Ethnic groups: African (37 tribes; largest and most important are Ewe, Mina, and Kabre) 99%, European and Syrian-Lebanese less than 1%

Languages: French (official, the language of commerce), Ewe and Mina (the two major African languages in the south), Kabye (sometimes spelled Kabiye) and Dagomba (the two major African languages in the north)

Religions: Christian 29%, Muslim 20%, indigenous beliefs 51%

Population: 7,756,937

Literacy: 66.5%; Male: 78.3%; Female: 55.3% (2015 est.)

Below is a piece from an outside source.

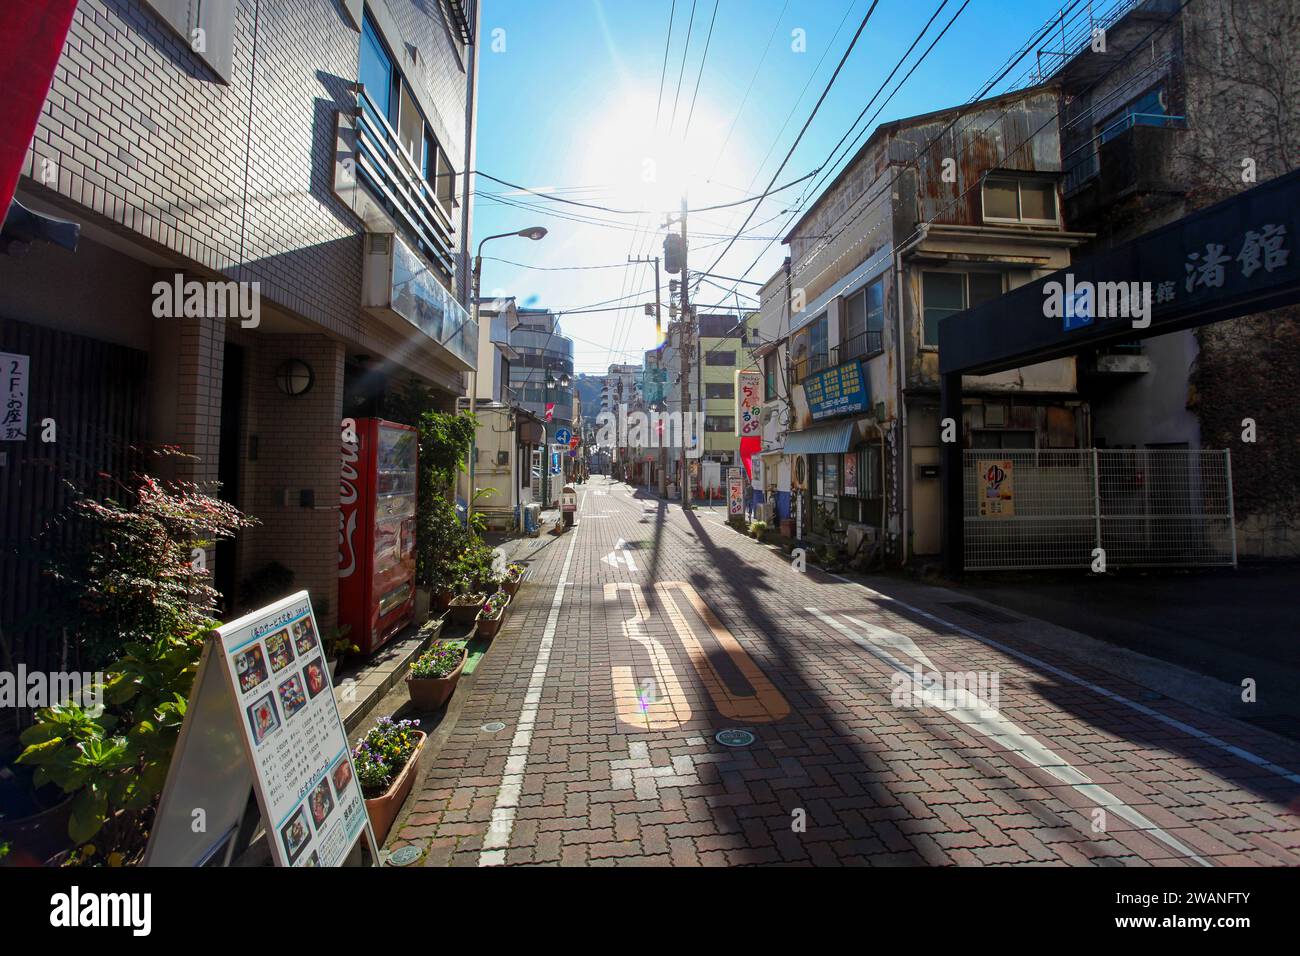 Città di Atami sulla penisola di Izu nella prefettura di Shizuopka, Giappone. Preso in una giornata di sole con un cielo blu e quasi nessuna gente intorno. Foto Stock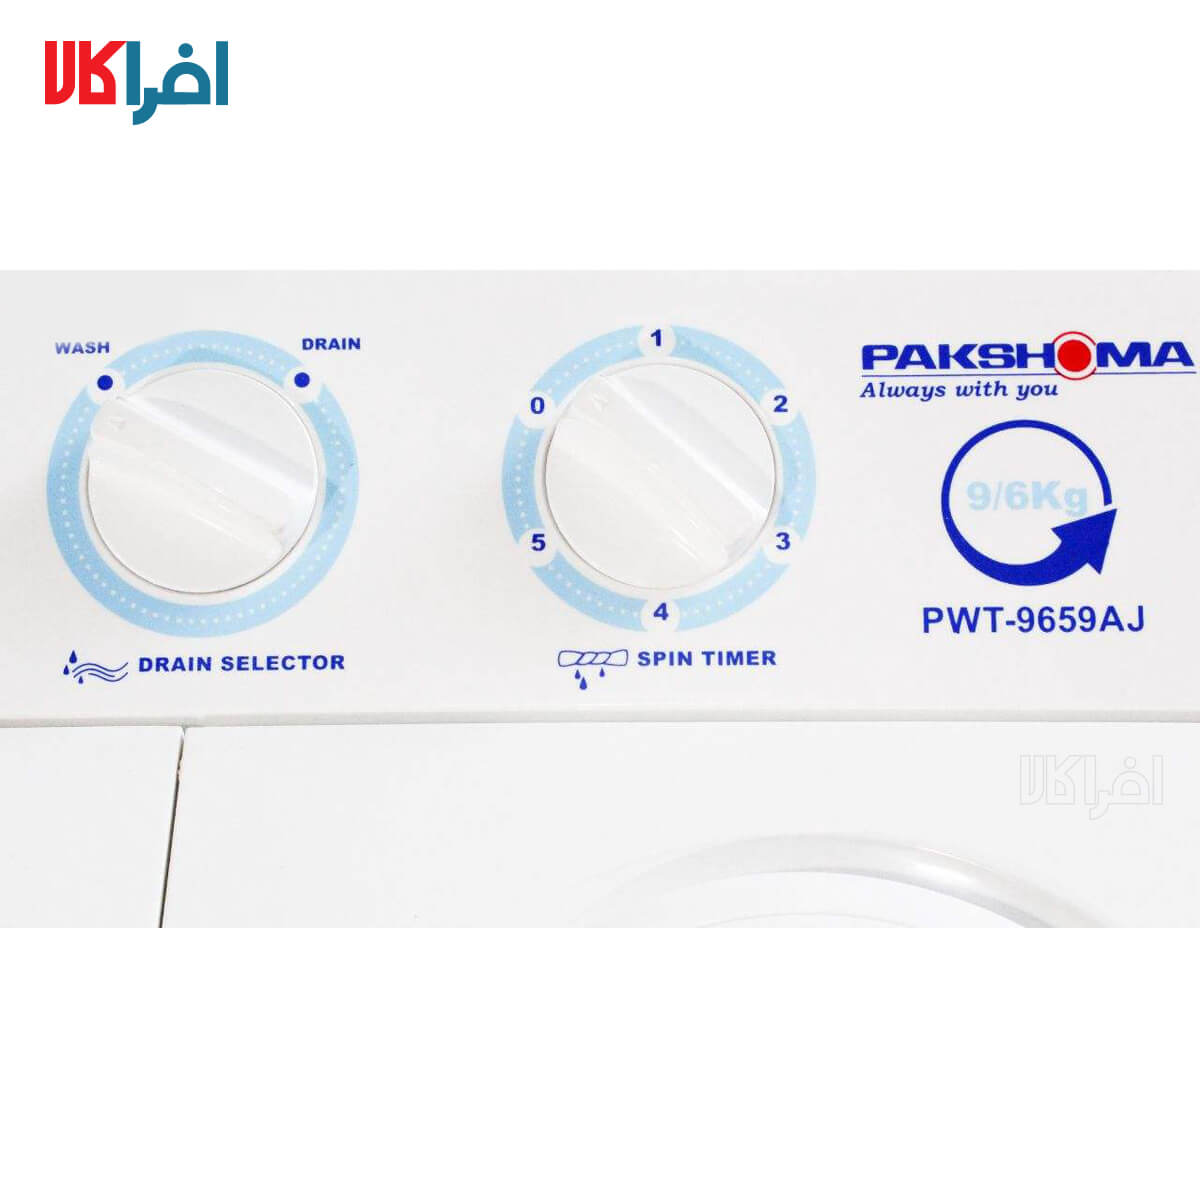 افرا کالا - قیمت و مشخصات کامل ماشین لباسشویی پاکشوما مدل PWT ...

Administrative divisions: 5 regions (regions, singular - region); Centrale, Kara, Maritime, Plateaux, Savanes

Economy: This small, sub-Saharan economy depends heavily on both commercial and subsistence agriculture, which provides employment for a significant share of the labor force. Some basic foodstuffs must still be imported. Cocoa, coffee, and cotton generate about 40% of export earnings with cotton being the most important cash crop. Togo is among the world's largest producers of phosphate and seeks to develop its carbonate phosphate reserves.The government's decade-long effort, supported by the World Bank and the IMF, to implement economic reform measures, encourage foreign investment, and bring revenues in line with expenditures has moved slowly. Togo completed its IMF Extended Credit Facility in 2011 and reached a Heavily Indebted Poor Country debt relief completion point in 2010 at which 95% of the country's debt was forgiven. Togo continues to work with the IMF on structural reforms. Progress depends on follow through on privatization, increased openness in government financial operations, progress toward legislative elections, and continued support from foreign donors.Togo’s 2015 economic growth remained steady at 5.4%, largely driven by infusions of foreign aid, infrastructure investment in the port and mineral sectors, and improvements in the business climate. Foreign direct investment inflows have slowed in recent years.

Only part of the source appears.